Hi
Some time ago I came across a web page with a graph or "family tree" of all those Sharp pocket computers of the BASIC era. More or less like
http://pocket.free.fr/html/sharp/sharp_e.html but expressed graphically and with little images IIRC. I even have a vague feeling it was linked from this very forum but I may be mistaken. Anyway, I can't find the page any more. Does anyone know the page? Please share the link!
Thanks in advance!
(02-02-2024 03:49 PM)vaklaff Wrote: [ -> ]Never mind. It's http://retropc.net/ohishi/museum/pc.htm. Lost half an hour, couldn't find it, wrote the question above, and only then found it myself in half a minute. Sigh.
Always works! Great finding though, thanks for sharing. There are linked write-ups for many of the machines.
(02-02-2024 03:49 PM)vaklaff Wrote: [ -> ]Never mind. It's http://retropc.net/ohishi/museum/pc.htm. Lost half an hour, couldn't find it, wrote the question above, and only then found it myself in half a minute. Sigh.
Thanks for sharing this! I've not seen it before. It is reminiscent (maybe even a copy) of a display I saw in a Sharp office in Nara (outside Osaka) where most of the engineering for these was done. It's an impressively large number of models,
far more than most folks assume existed.
(02-02-2024 03:49 PM)vaklaff Wrote: [ -> ]Lost half an hour, couldn't find it, wrote the question above, and only then found it myself in half a minute. Sigh.
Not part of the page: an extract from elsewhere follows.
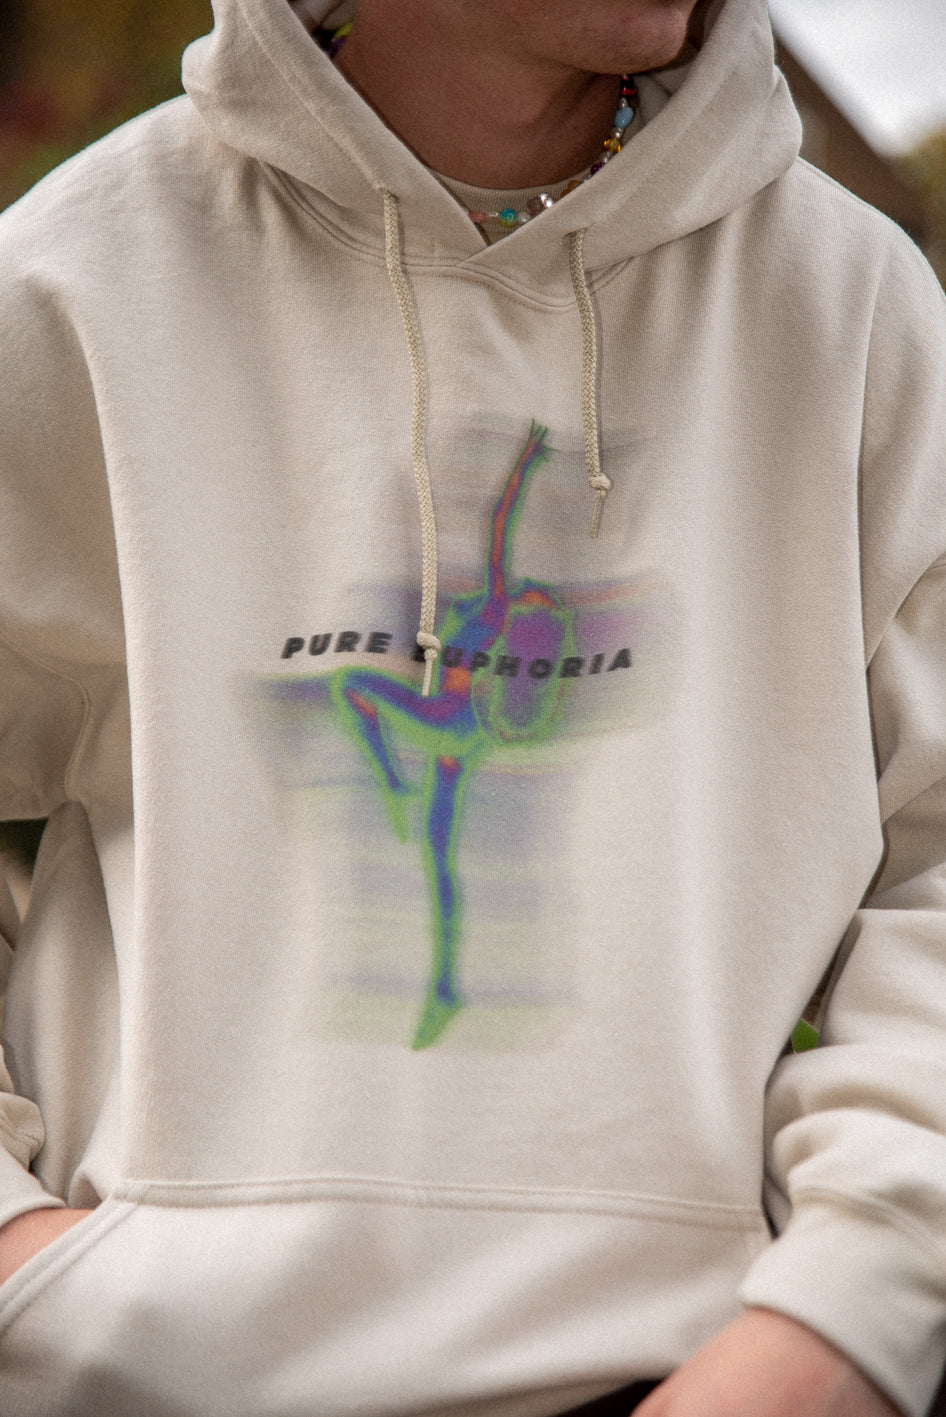 Hoodie in Sand With Pure Euphoria Print

Baldwin's Third Law of Metafoolishness: a certain percentage of the questions you daily encounter must be asked publicly before you can find the answer yourself, thus ensuring you don't get a big head.
Believe me, I am the poster child for this happening!
Something similar:
I was waiting for a back-ordered component for a project at work, so I ordered one myself from a place that had it in stock.
Guess what got put on my desk at the same time it was getting delivered to my house?
(02-02-2024 03:49 PM)vaklaff Wrote: [ -> ]Never mind. It's http://retropc.net/ohishi/museum/pc.htm. Lost half an hour, couldn't find it, wrote the question above, and only then found it myself in half a minute. Sigh.
This family tree is super nice!
It seems to leave out some older predecessors that are also designated as "PC" models. I believe the first (or one of the first) Sharp "PC" model designations was the Sharp PC-1001, a programmable desk calculator from 1973. The PC-1001 has a Rockwell PPS-4 microprocessor system, one of the first microprocessor systems competing with the 4004. But the PC-8101 was a non-programmable early LED calculator from 1973. I suspect "PC" later became associated with Sharp Pocket Computers, starting with the PC-1200/1201 according to the family tree. But like the PC-1001, the PC-1200 and PC-1300(S) are not BASIC programmables.
- Rob
(03-09-2024 07:58 PM)robve Wrote: [ -> ]But like the PC-1001, the PC-1200 and PC-1300(S) are not BASIC programmables
Yes, I know, I’m very happy to own a 1200 (classic keystroke) and a 1300 (keystroke but advertised as “minifortran”). Actually that’s how I finally found the page: Wait, what if my memory fails me and the page has more than BASIC machines only? Let’s add these two to the query! And that made it.
(03-08-2024 07:58 PM)KeithB Wrote: [ -> ]Something similar:
I was waiting for a back-ordered component for a project at work, so I ordered one myself from a place that had it in stock.
Guess what got put on my desk at the same time it was getting delivered to my house?
Hmm… a suitcase with $25,000,000 you won in a lottery and didn’t know about it?